Rating: 5.0
> Cellular Automata
>
> 148
>
> It's hard to reverse a step in a cellular automata, but solvable if done right.
>
> https://cellularautomata.web.ctfcompetition.com/
As the [rules](https://cellularautomata.web.ctfcompetition.com/) state we are dealing with a [Rule 126 automata](http://mathworld.wolfram.com/Rule126.html). Patterns ```000``` and ```111``` produce a ```0``` bit while all others produce ```1```.
The problem with reversing cellular automata is that a lot of different steps correspond to the step you are trying to reverse. Straight bruteforcing will take forever - 64-bit steps are just too bit. However, the bits in the reverse step are not random, and are limited by 2 rules:
1. ```0``` has to reverse to patterns ```000``` or ```111```, and ```1``` to all others
2. If a pattern is selected the patterns that follow it are limited to 2 possibilities (because they have to overlap by 2 bits). For example, pattern ```000``` can only be followed by patterns ```000``` and ```001```.

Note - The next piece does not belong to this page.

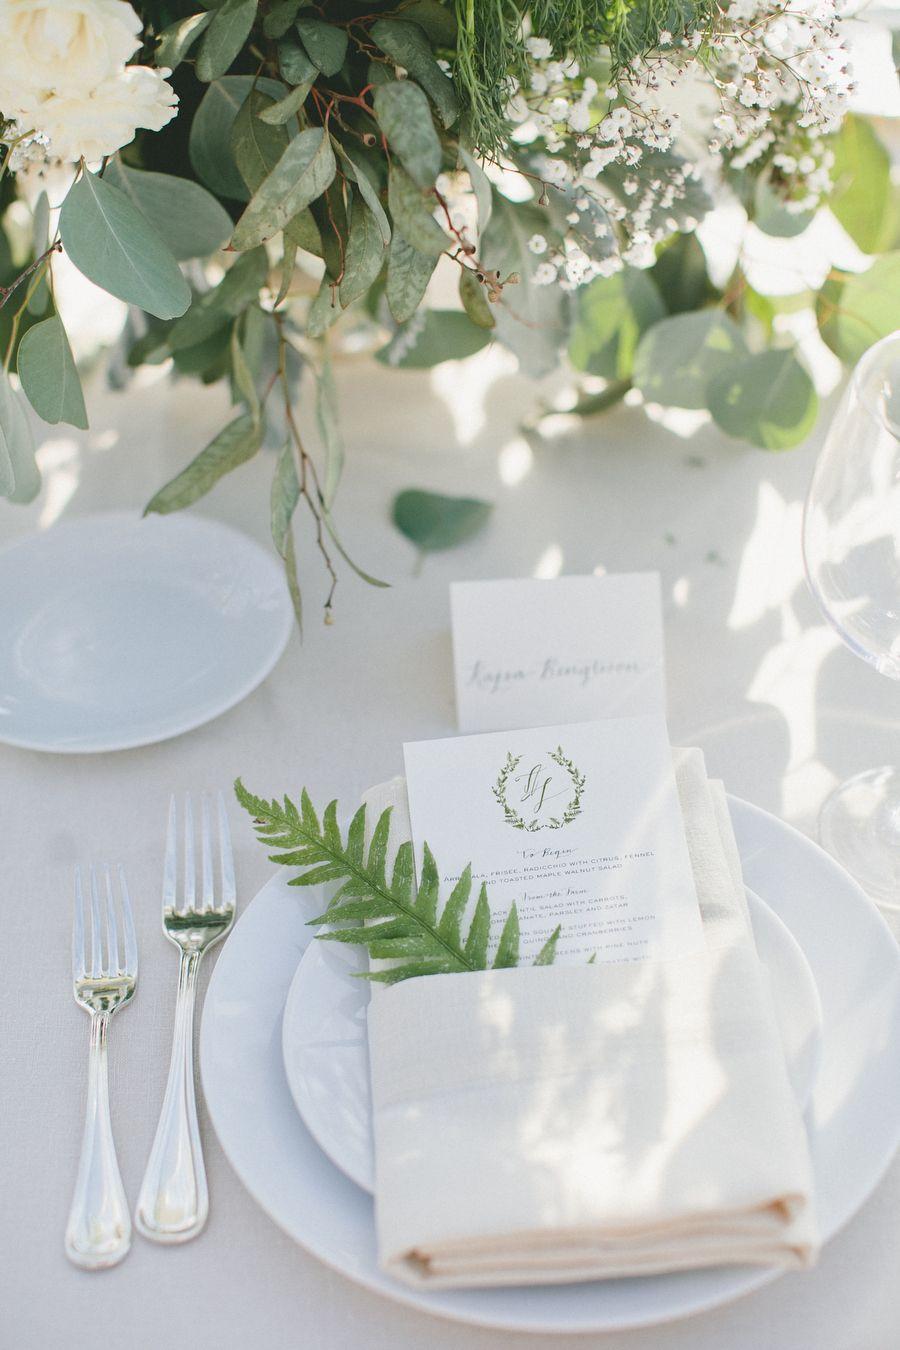 Rustic Bonny Doon Wedding with Scandinavian Traditions   Weddings ...

If we apply these 2 rules we can generate all possibilities very quickly with the help of the following script:
```python
import sys
if len(sys.argv) != 2:
print "Please supply a hex number on the command line"
quit()
hexval = sys.argv[1]
bit_size = len(hexval)*4
# convert hex value to bit string
bitstr = (bin(int(hexval,16))[2:]).zfill(bit_size)
# map from bits to patterns that generate it
patterns_generating_bit = {"0":[0,7], "1":[1,2,3,4,5,6]}
# valid patterns that can follow each pattern; for example, pattern 010 can be followed
# only by 100 and 101 because they must overlap with its last 2 digits (10)
valid_next_patterns = {0:[0,1], 1:[2,3], 2:[4,5], 3:[6,7], 4:[0,1], 5:[2,3], 6:[4,5], 7:[6,7]}
# mid bits in each pattern
pattern_mid_bits = {0:"0", 1:"0", 2:"1", 3:"1", 4:"0", 5:"0", 6:"1", 7:"1"}
def reverse_rule126(bitstr, depth, valid_patterns, patterns_in_step):
# walk through all patterns that generate the current bit
for pattern in patterns_generating_bit[bitstr[depth]]:
# make sure the pattern is valid based on previously seen patterns
if pattern in valid_patterns:
# if we are not at the last bit - keep going recursively
if depth < (bit_size-1):
reverse_rule126(bitstr, depth+1, valid_next_patterns[pattern], patterns_in_step+[pattern])
# if we are at the last bit...
if depth == (bit_size-1):
# ...and the last pattern wraps around properly to the beginning of the step string
if patterns_in_step[0] in valid_next_patterns[pattern]:
# generate the full bitstring for the step and print it out
found_step = ""
for x in patterns_in_step:
found_step += pattern_mid_bits[x]
found_step += pattern_mid_bits[pattern]
print hex(int(found_step,2))[2:]
reverse_rule126(bitstr, 0, [0,1,2,3,4,5,6,7], [])
```
The script generates about 10K possibilities, which we can try to determine if there is a flag in the output:
```bash
#!/bin/sh
for i in $(python solve.py 66de3c1bf87fdfcf); do
echo "$i" > /tmp/plain.key; xxd -r -p /tmp/plain.key > /tmp/enc.key
echo "U2FsdGVkX1/andRK+WVfKqJILMVdx/69xjAzW4KUqsjr98GqzFR793lfNHrw1Blc8UZHWOBrRhtLx3SM38R1MpRegLTHgHzf0EAa3oU
eWcQ=" | openssl enc -d -aes-256-cbc -pbkdf2 -md sha1 -base64 --pass file:/tmp/enc.key 2>/dev/null | grep CTF
done
```
When we run the script we quickly get the flag decoded:
```sh
$ ./solve.sh
CTF{reversing_cellular_automatas_can_be_done_bit_by_bit}
```
The flag is ```CTF{reversing_cellular_automatas_can_be_done_bit_by_bit}```.